I would say that white Americans feel more of a sense of kinship with their black countrymen than they do with the more recent immigrant groups from Asia and south of the border.
They share a commone history, after all, and have been in N America for roughly the same length of time. (Except Obama, who is hitching a rree ride on the experience and pain of tens of thousands of others, who were taken to America in chains in the holds of slave ships. He's not an "Afro-American".)
What a slapper.
THX1138
September 2nd, 2008 6:55pm Report this commentObama goes over 50% for the first time on the Gallup daily tracking.
http://www.gallup.com/poll/109960/Gallup-Daily-Obama-Hits-50-First-Time.aspx
Don't click the link if you're a squeamish McCain supporter.
Oscar
September 2nd, 2008 9:33pm Report this commentI think it's time to call in the shrinks to analyse why there's been quite such a feeding frenzy over SP. Some strange subterranean neuroses at play here for sure.
Keith Brody
September 3rd, 2008 9:38am Report this commentI think this is an optimistic view. Perhaps I'm being overly cynical but:
1. The downgrading of Gustav was good for the people of New Orleans but at best was a wash for McCain. While he might have shone as a leader in a crisis, letting the air out of the balloon before the party at best didn't hinder him and certainly didn't help.
2. McCain didn't dither about the convention? True. So what? I don't think anyone would take hedging bets in the wake of Katrina to be a demonstration of sound judgement and leadership. McCain did the right thing, but a big win? No way.
3. It'll take more than two cancelled speeches to rid McCain of Bush and Cheney!
4. Backlash against a tasteless media is rightly, and finally, the vogue so -- correct -- middle America will not be deluged by stories about Palin's pregnant teenage daughter. They will, however, think precisely the same things they would have had the deluge occurred. The story will do the Republicans no good whatsoever. Damage limitation, to those who can see the wood for the trees, will remain the order of the day.
5. Yes, interest in Palin has taken the spotlight off Obama.

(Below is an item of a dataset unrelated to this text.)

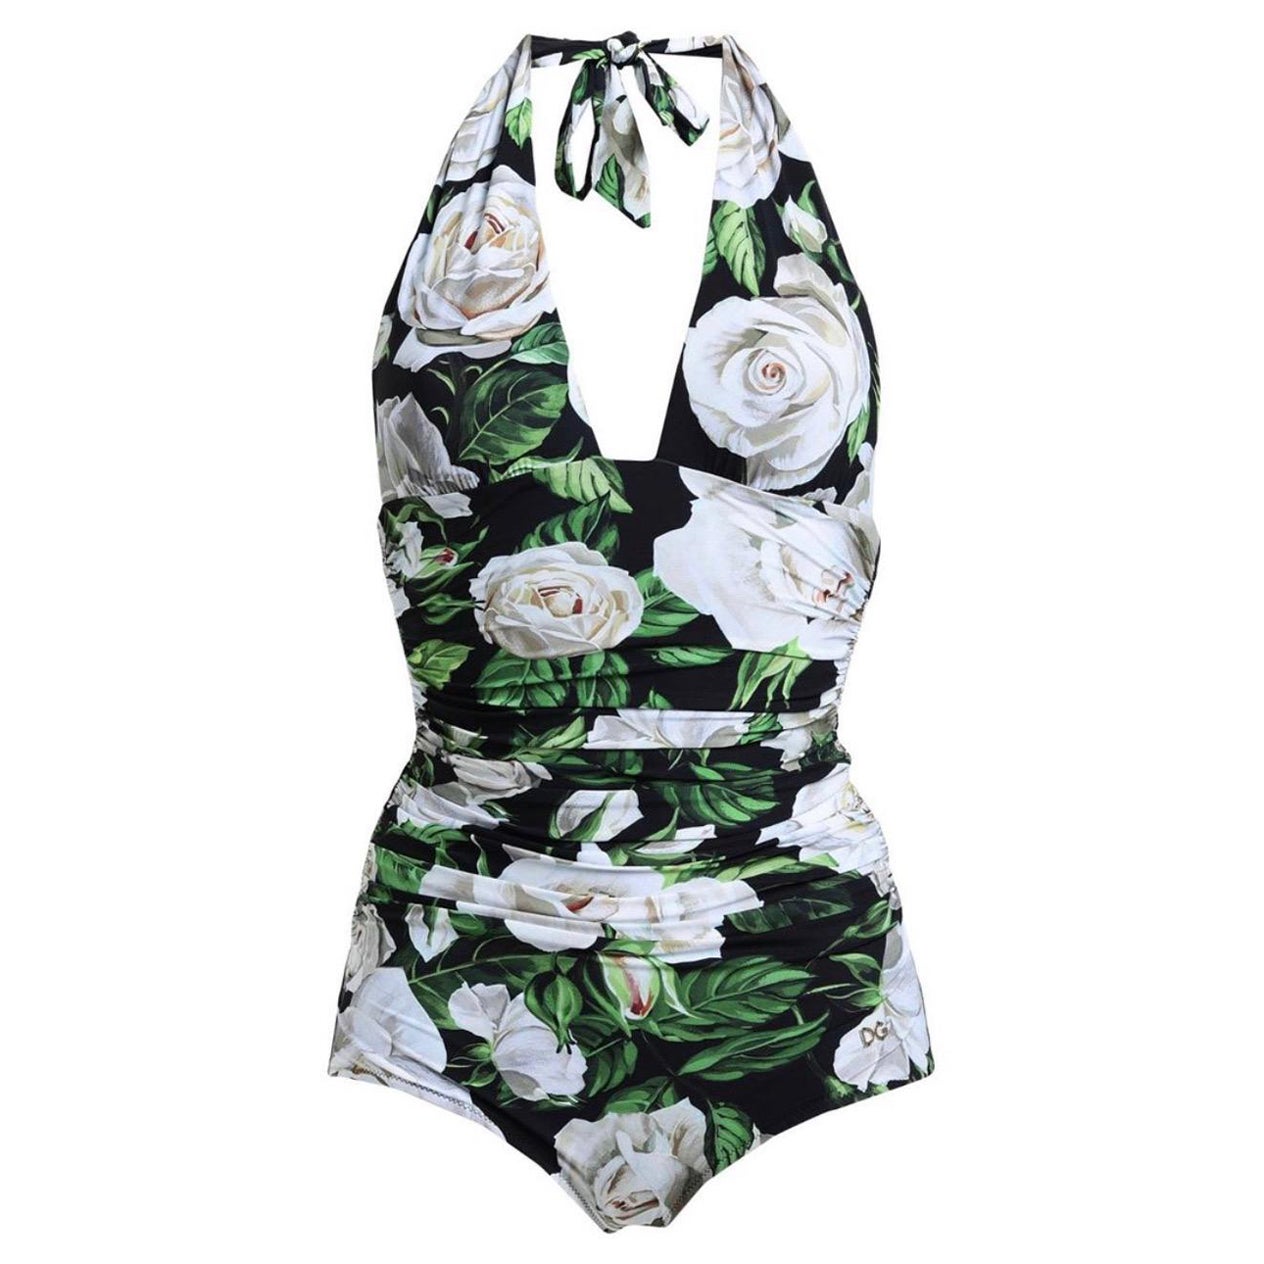 Dolce & Gabbana one
piece swimsuit Black white Roses print bikini

And one suspects he is delighted. Rather dodging attempts to knock him from his perch in his hour of triumph, just when the questions should be getting really tough, instead attention is focussed on what, until she proves otherwise, is a story that, on the whole, is a net negative for McCain. Obama has plenty of time left to flex his oratorical muscles and, doubtless, has no interest in peaking too early. For now, he'll be happy attention is focussed on what the public percieve is the weakest part of the Republican ticket.
Seems to me that if one can take an objective rather than rose-tinted Republican point of view, McCain's is a campaign in a heap of trouble right now.